Podczas COP26 kraje i główni darczyńcy ogłosili zamiar przeznaczenia środków publicznych wspierających rolnictwo na zachęty do bardziej zrównoważonego rolnictwa i zobowiązali się przekazać 1,7 mld dolarów do końca 2025 r. w celu zabezpieczenia praw do ziemi rdzennych i lokalnych społeczności. Nie ma jednak konkretnych planów, jak rozdysponować te pieniądze. Należy uzgodnić czyje prawa będą uznawane i w jakim miejscu.
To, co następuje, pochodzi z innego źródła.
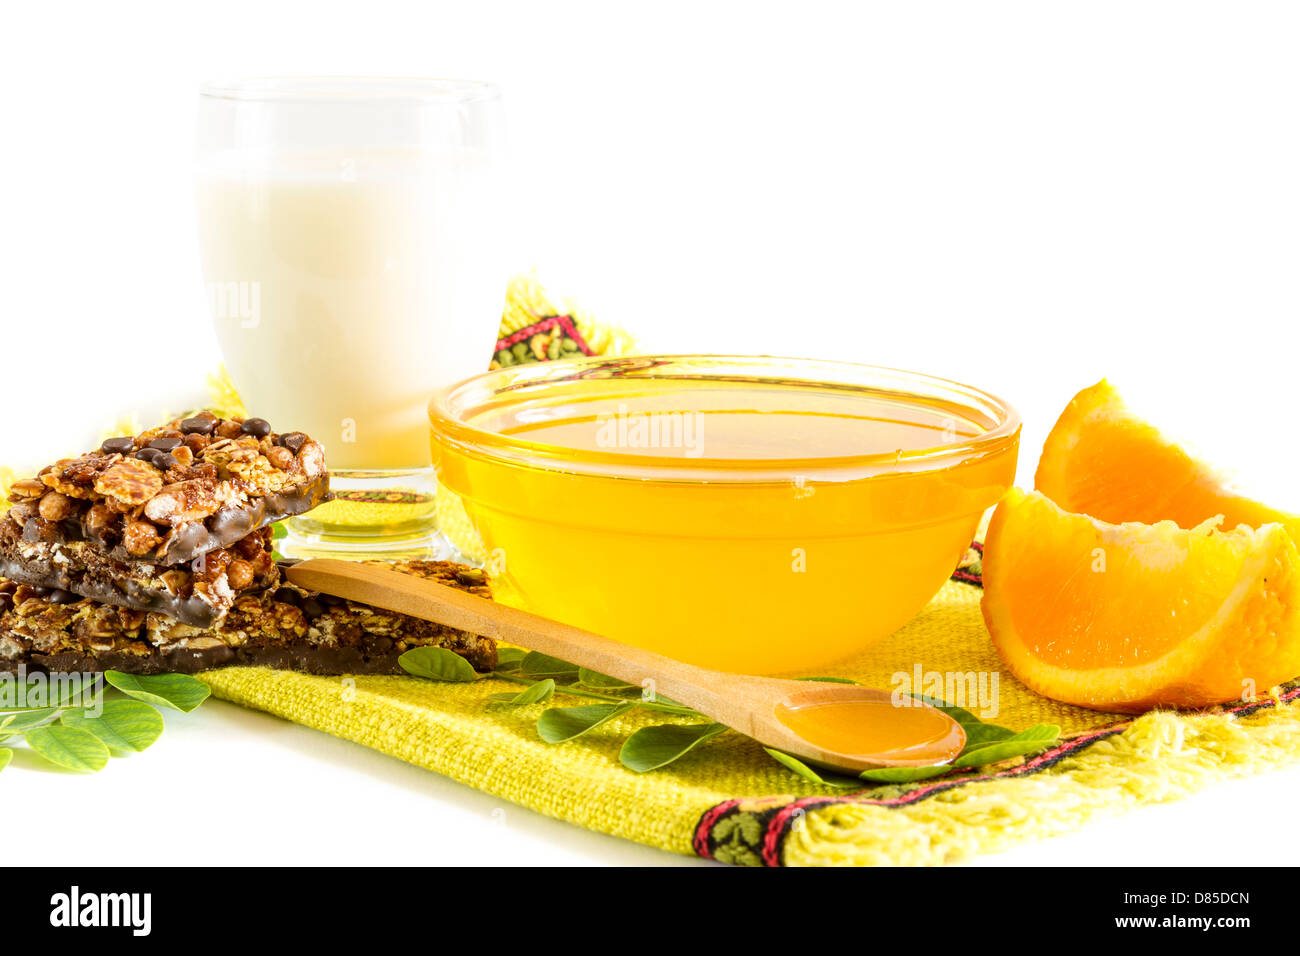 Desayuno saludable con miel, leche y cereales bares Foto de stock

Wiadomo, że część pieniędzy zostanie przeznaczona na mapowanie i dokumentowanie praw, ale należy zrobić więcej, aby zagwarantować IPLC możliwość korzystania z tych praw oraz zapewnić pozytywne skutki dla klimatu i środowiska. Jeśli mamy zachować sprawiedliwość klimatyczną, pieniądze muszą zostać skierowane do długoletnich użytkowników wrażliwych gruntów i zrekompensować im cenne usługi, które już świadczą – ograniczanie utraty i degradacji lasów, zwiększanie bioróżnorodności i ochronę ekosystemów.